[DATASET SECTION — start]
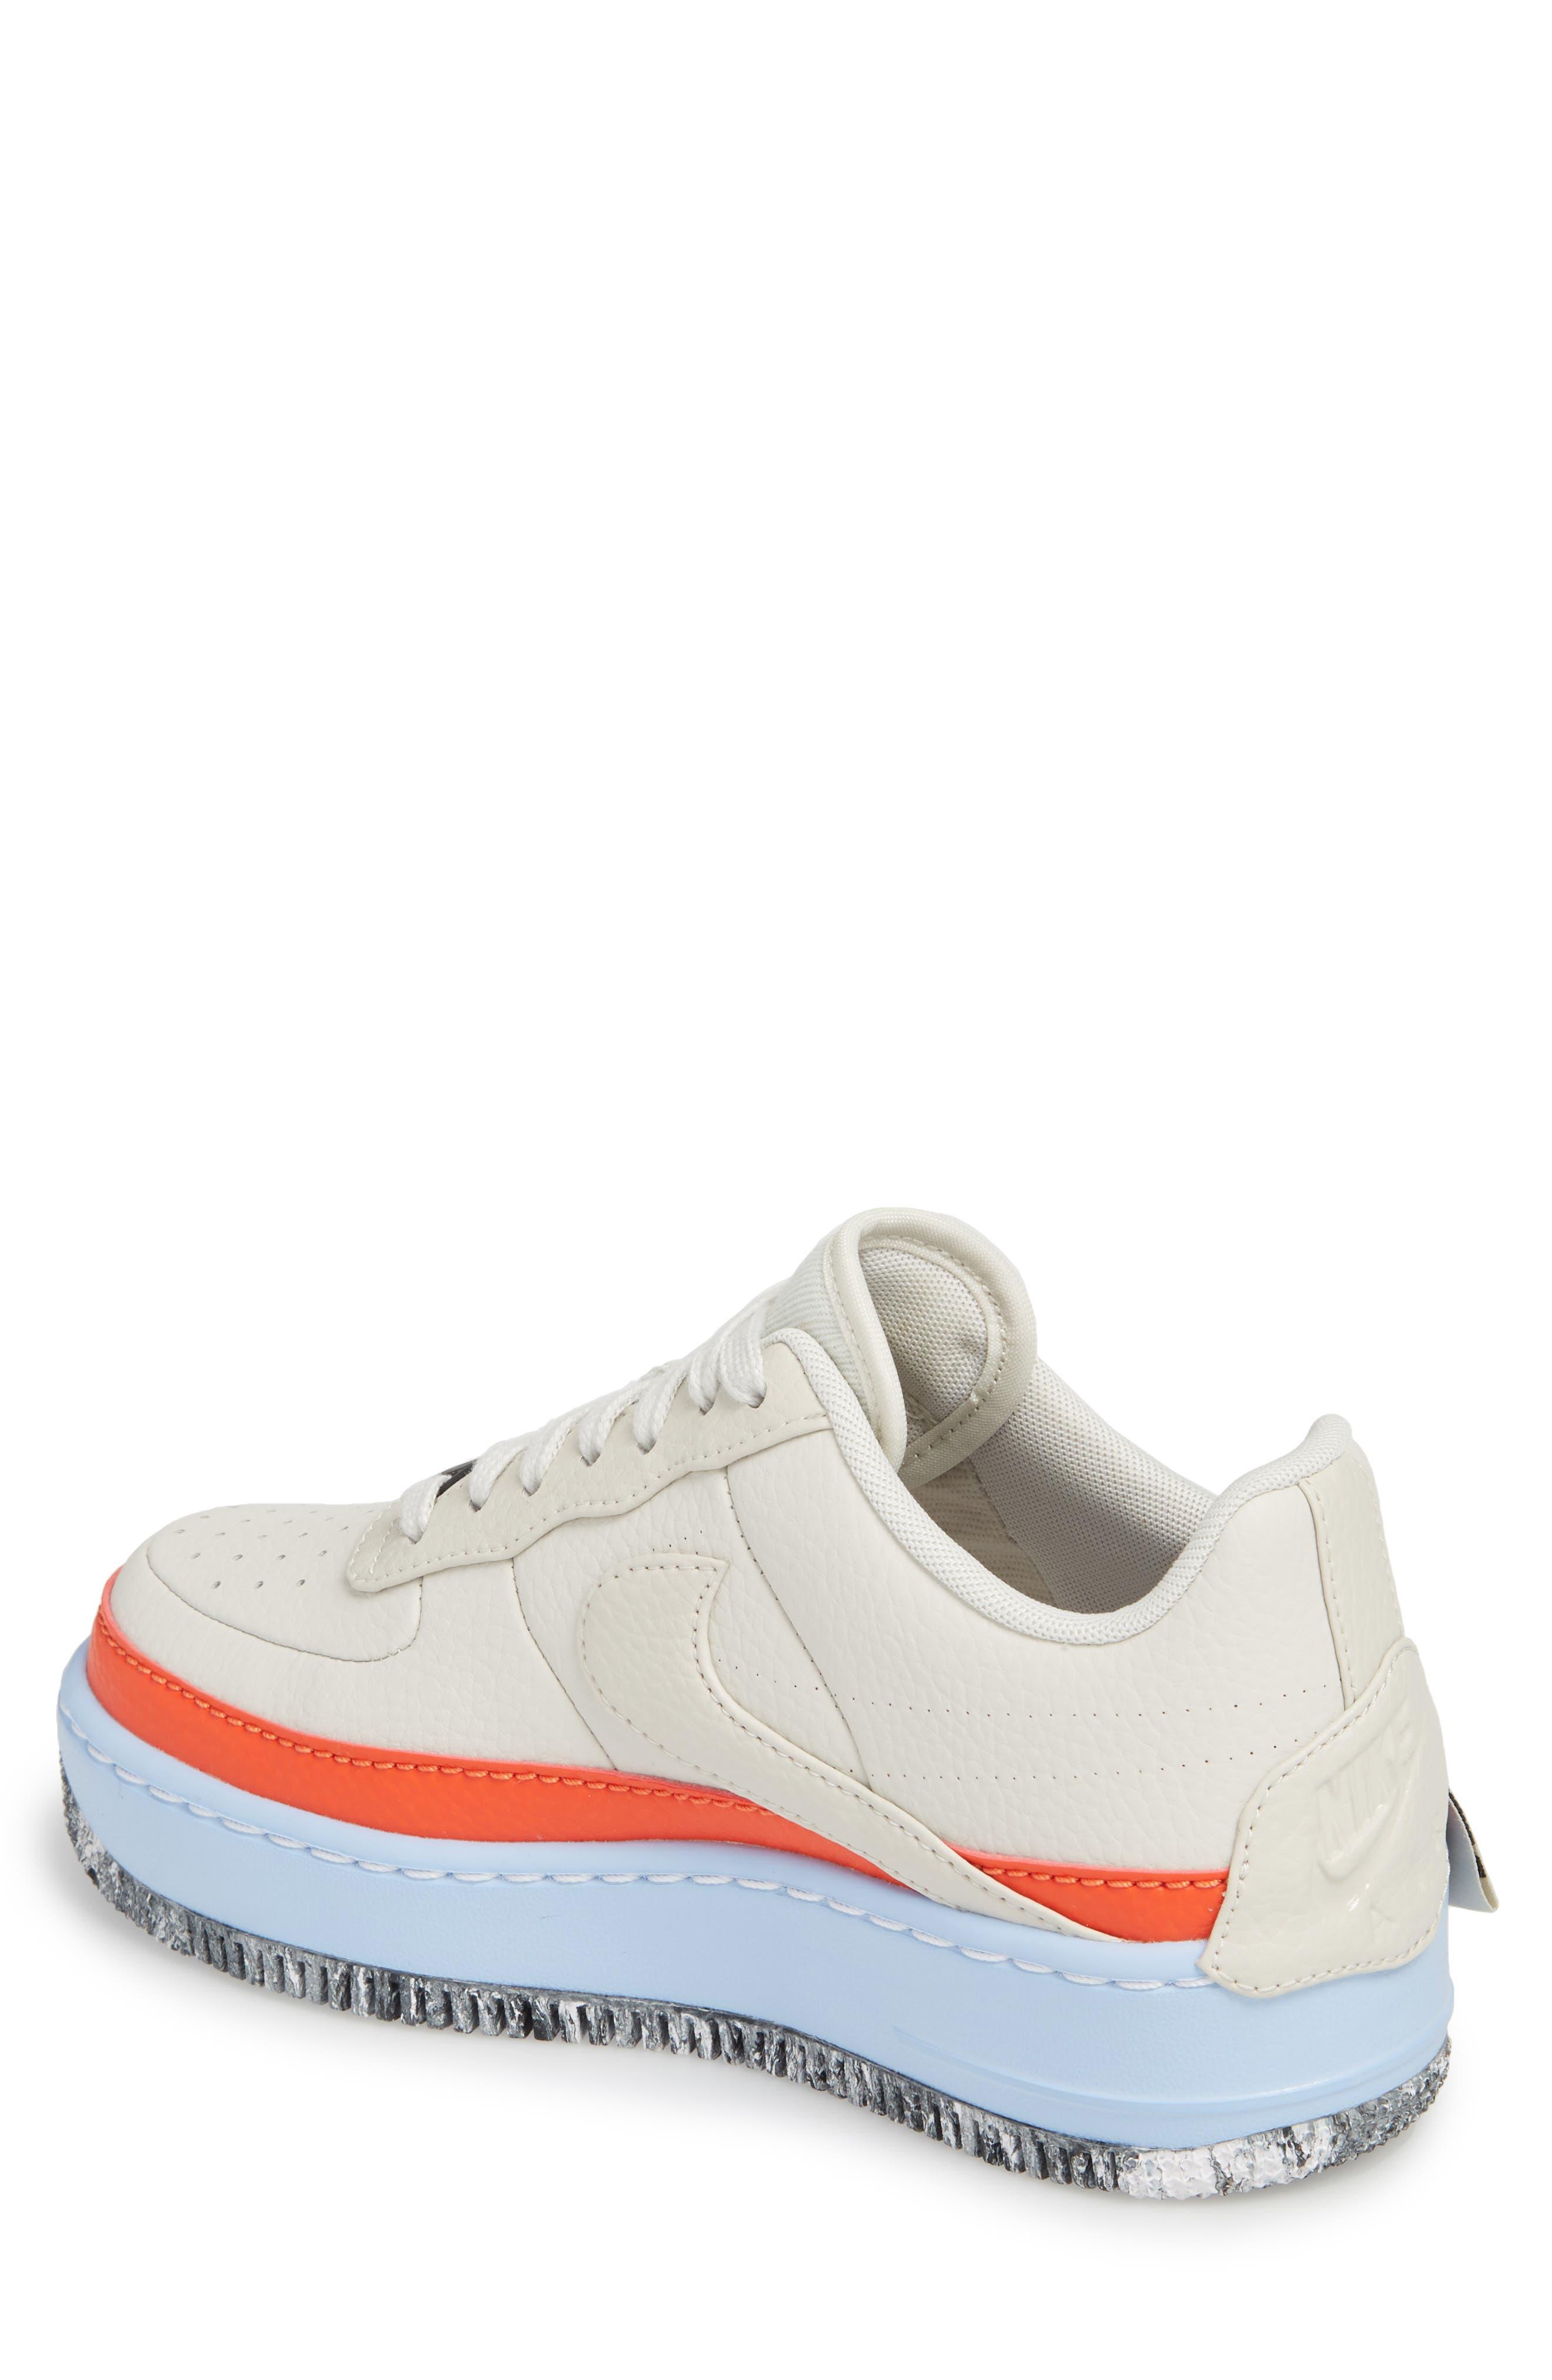 Air Force 1 Jester XX Sneaker,                             Alternate thumbnail 2, color,                             LIGHT BONE/ TEAM ORANGE
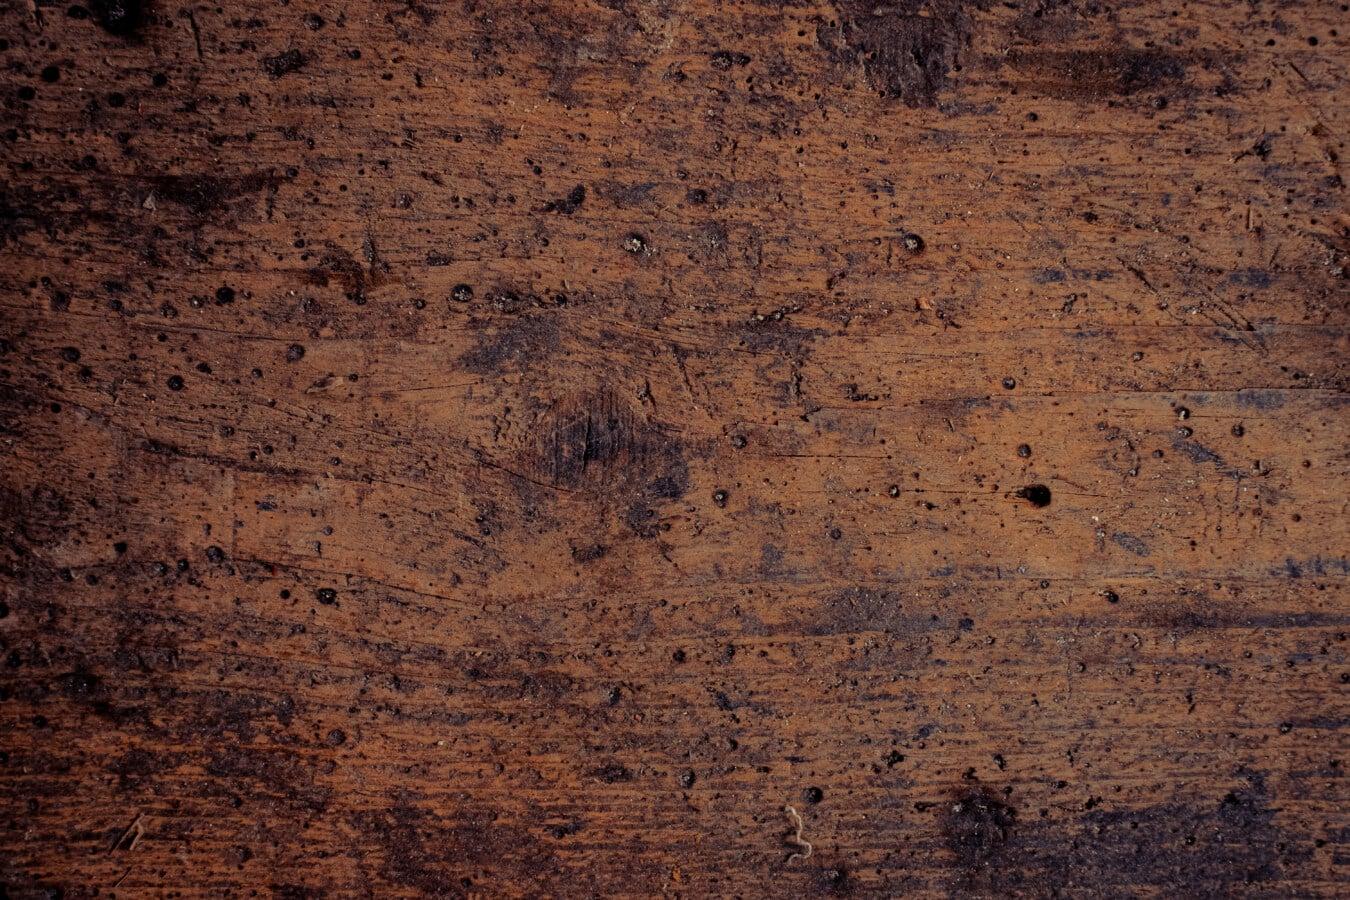 Verfall, Knot, Jahrgang, Textur, Plank, Eiche, Braun, Planken, dreckig, Dunkel
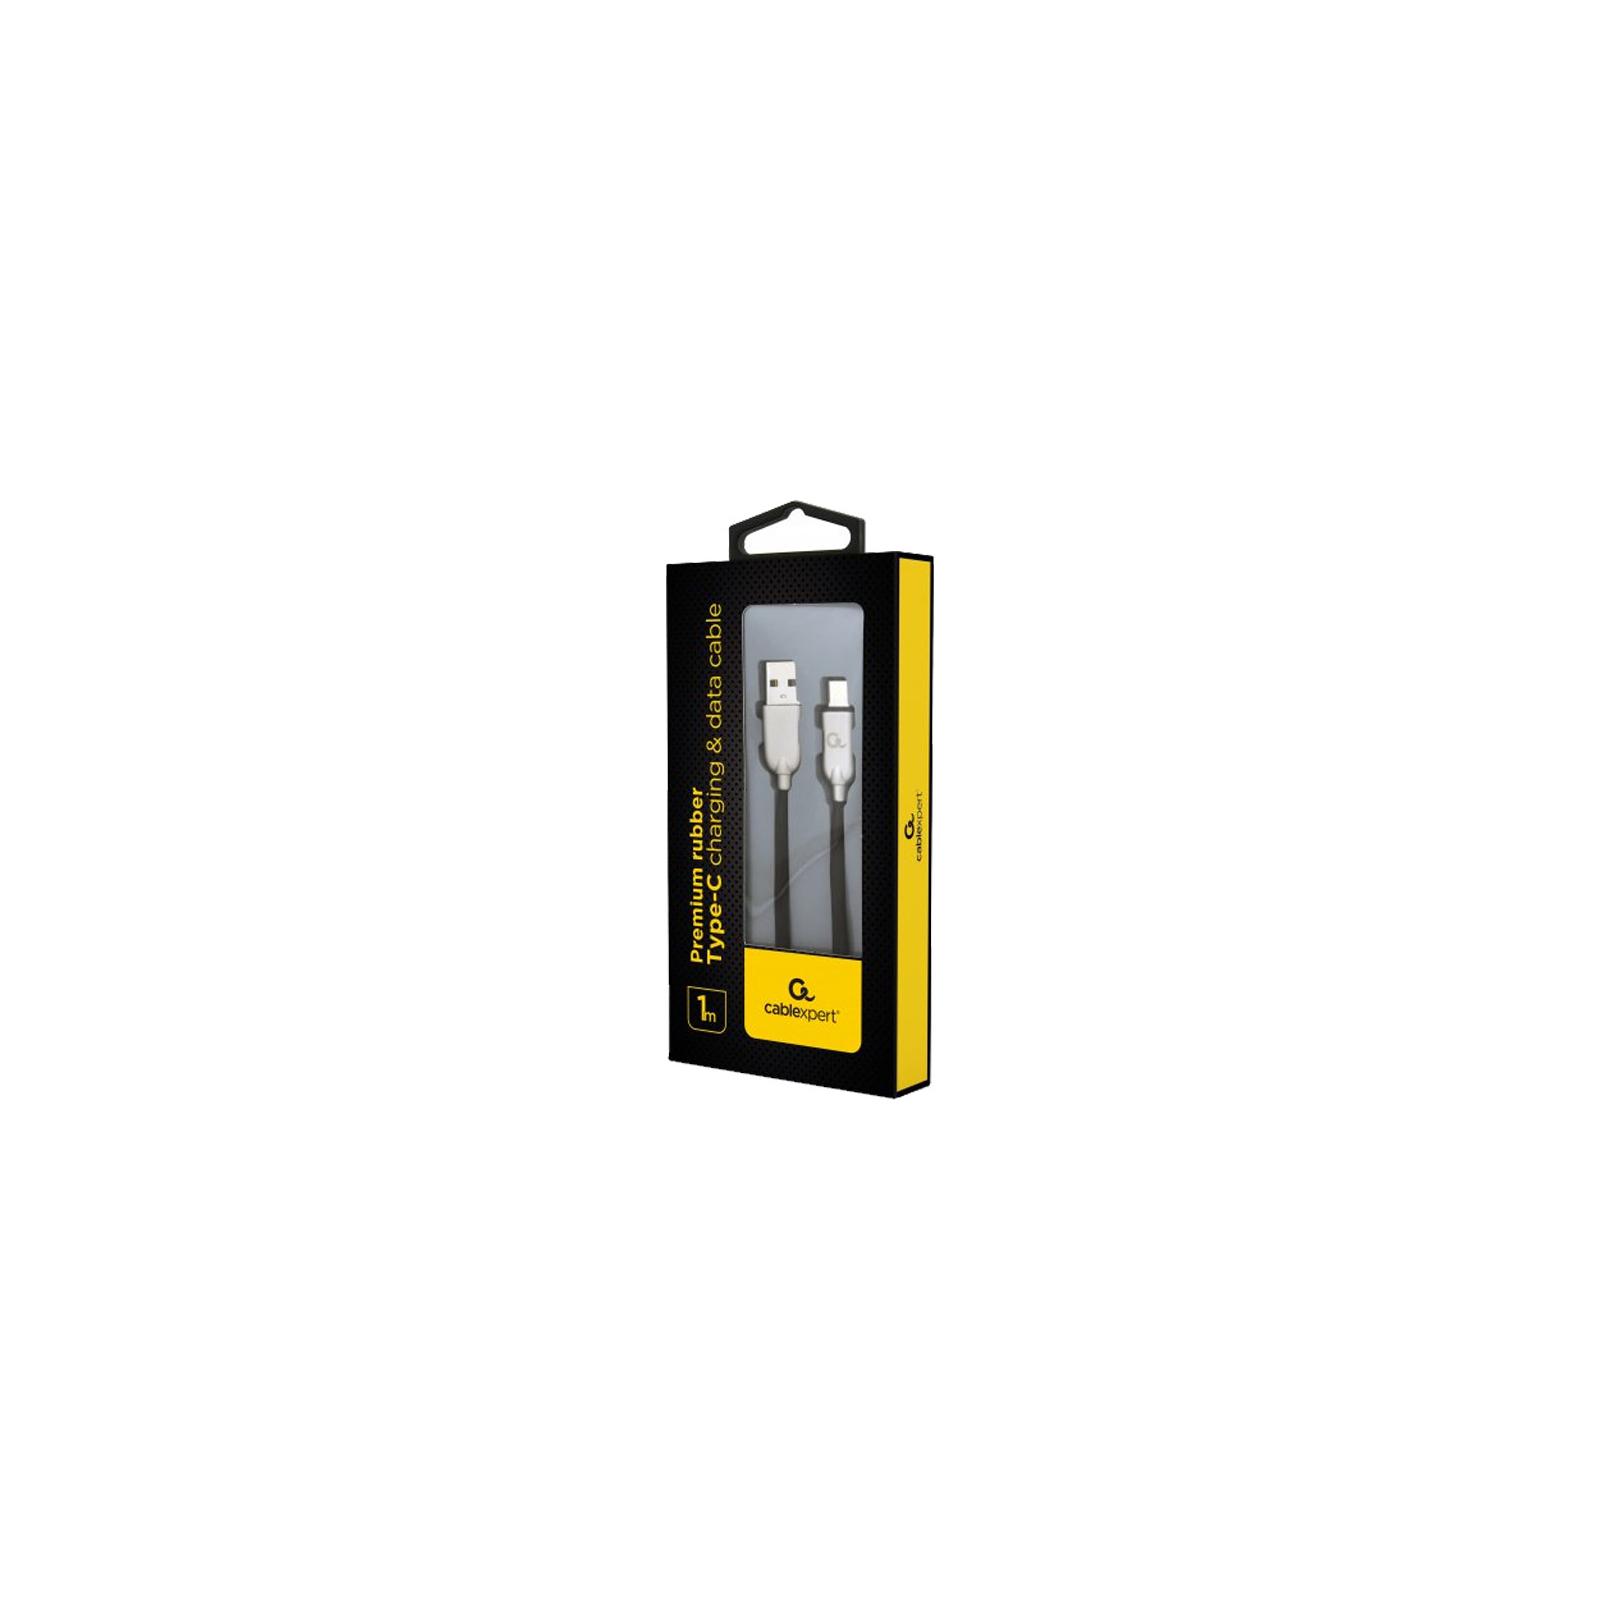 Дата кабель USB 2.0 AM to Type-C 1.0m Cablexpert (CC-USB2R-AMCM-1M-R) изображение 2
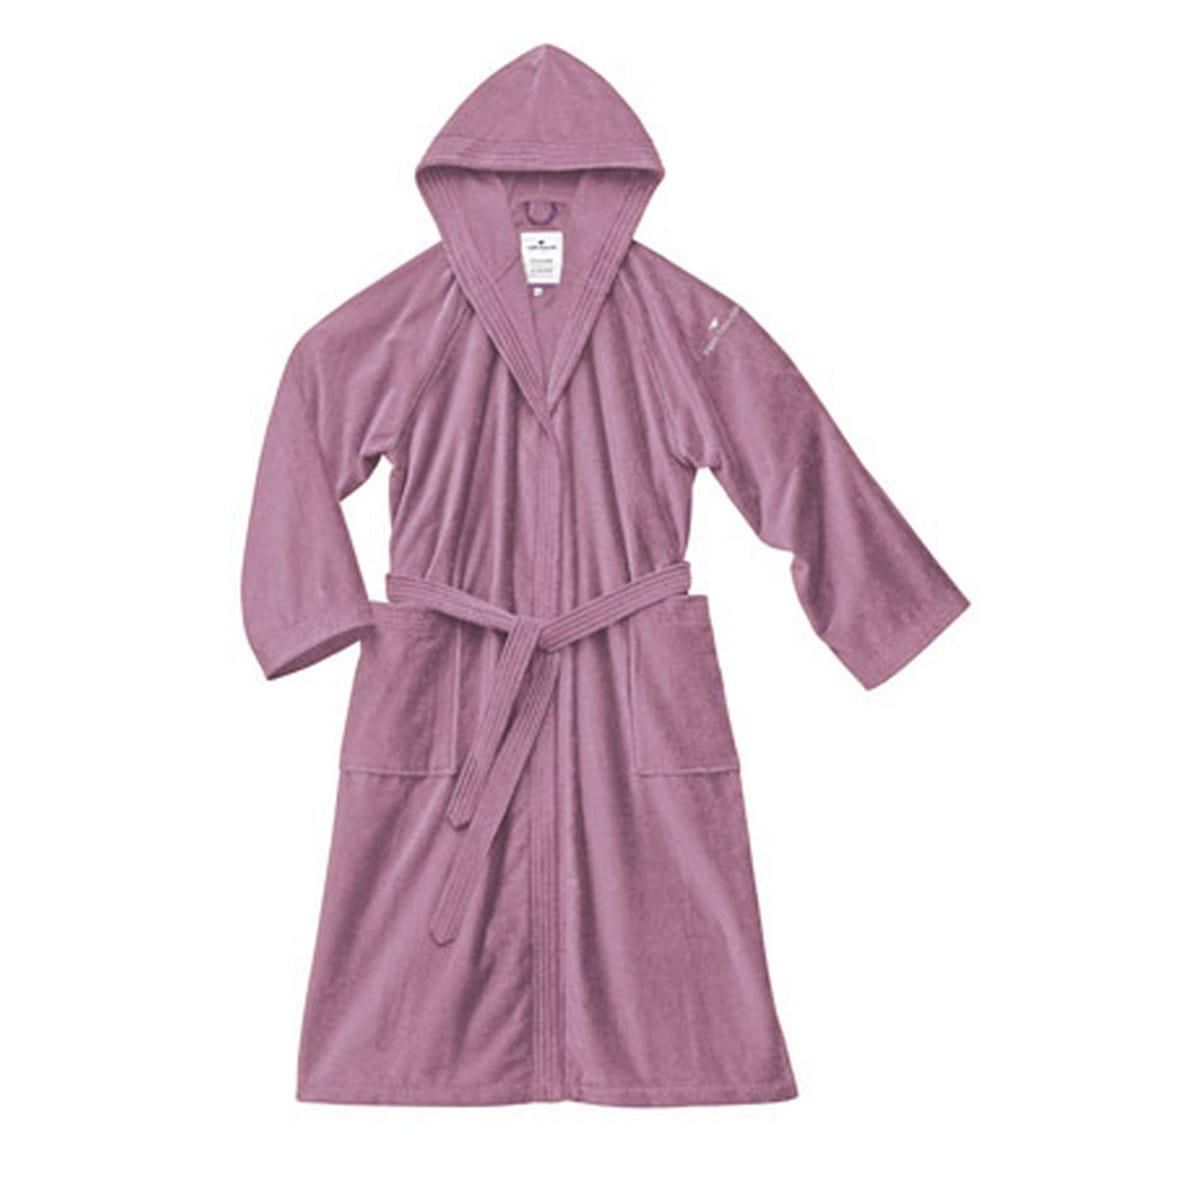 Μπουρνούζι 110 401 935 Purple Tom Tailor X-Small XS
[DATASET SECTION — finish]
**EXERCISE OBJECTIVE**
Repeat the listing word for word, omitting the pictures.

**ANSWER BOX**
 Air Force 1 Jester XX Sneaker,                             Alternate thumbnail 2, color,                             LIGHT BONE/ TEAM ORANGE
 Verfall, Knot, Jahrgang, Textur, Plank, Eiche, Braun, Planken, dreckig, Dunkel
 Дата кабель USB 2.0 AM to Type-C 1.0m Cablexpert (CC-USB2R-AMCM-1M-R) изображение 2
 Μπουρνούζι 110 401 935 Purple Tom Tailor X-Small XS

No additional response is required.